What to produce:
From the line containing "1215 Mini Portable" to the final line of the material below, return every line exactly. Do not include pictures.

Provided data:
= = = = = = =

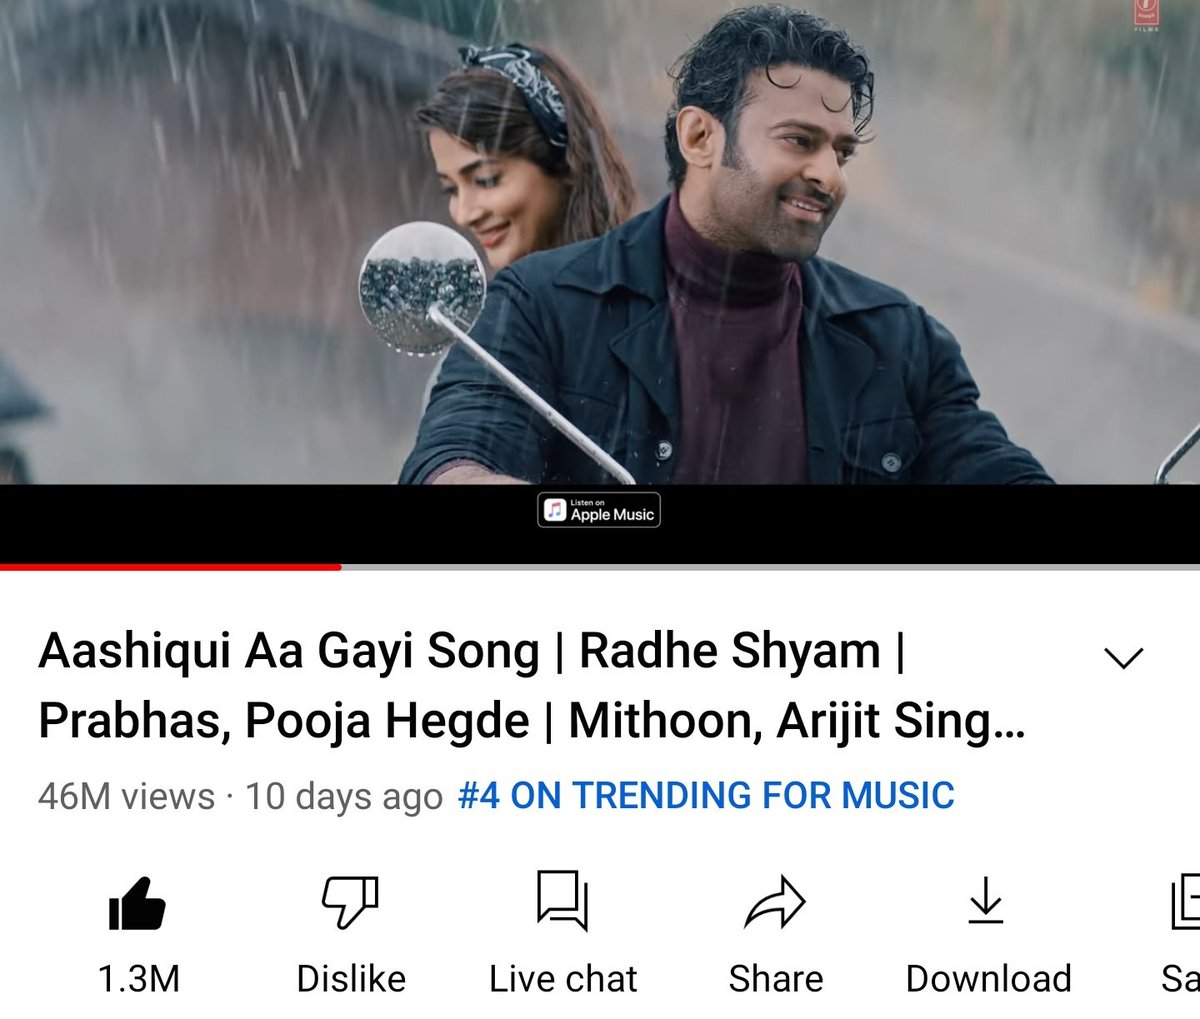 #aashiquiaagayi Reached 46 million views with 1.3 million likes.Mostly 50 million views by tomorrow...Faster than #PyschoSaiyaan 🔥🔥
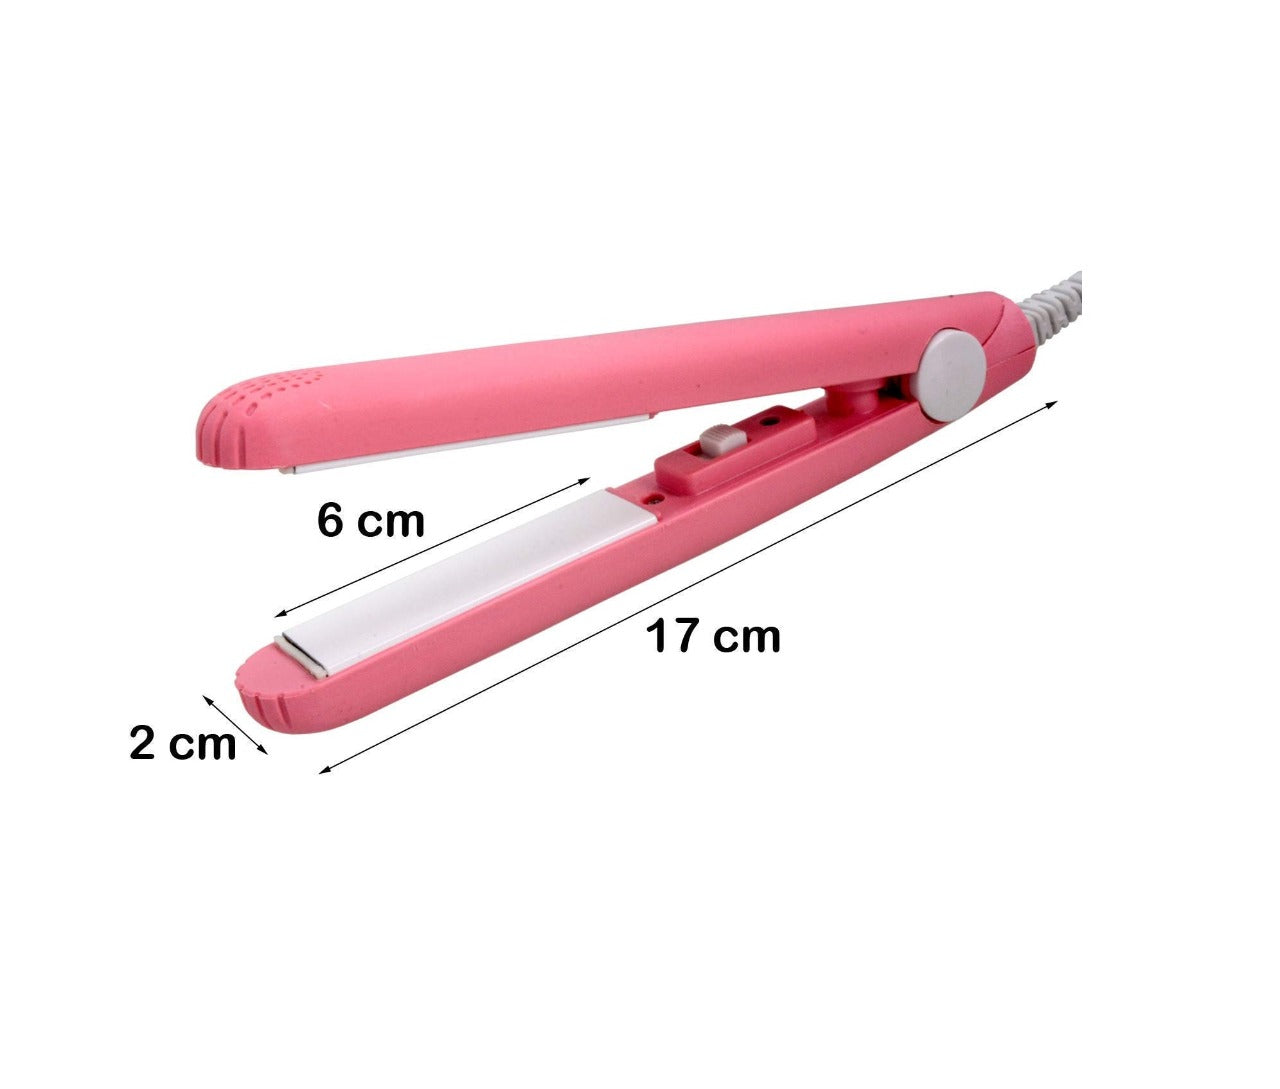 1215 Mini Portable Electronic Hair Straightener and Curler - China, 0.151 kgs
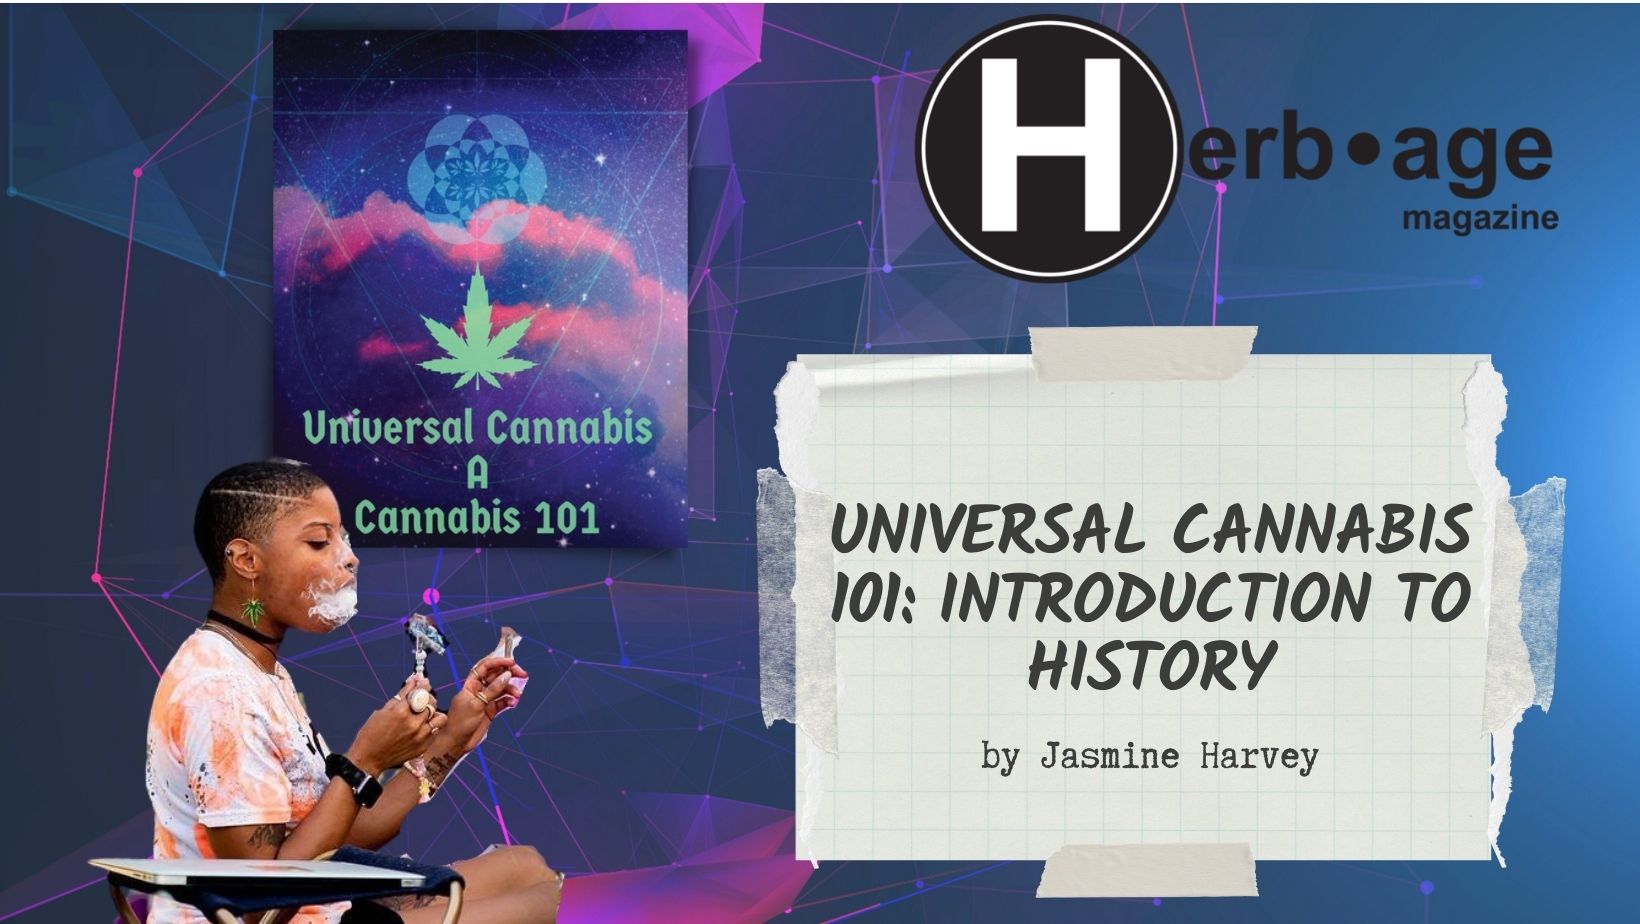 Universal Cannabis 101: Introduction to History

= = = = = = =

Task response:
 1215 Mini Portable Electronic Hair Straightener and Curler - China, 0.151 kgs
 Universal Cannabis 101: Introduction to History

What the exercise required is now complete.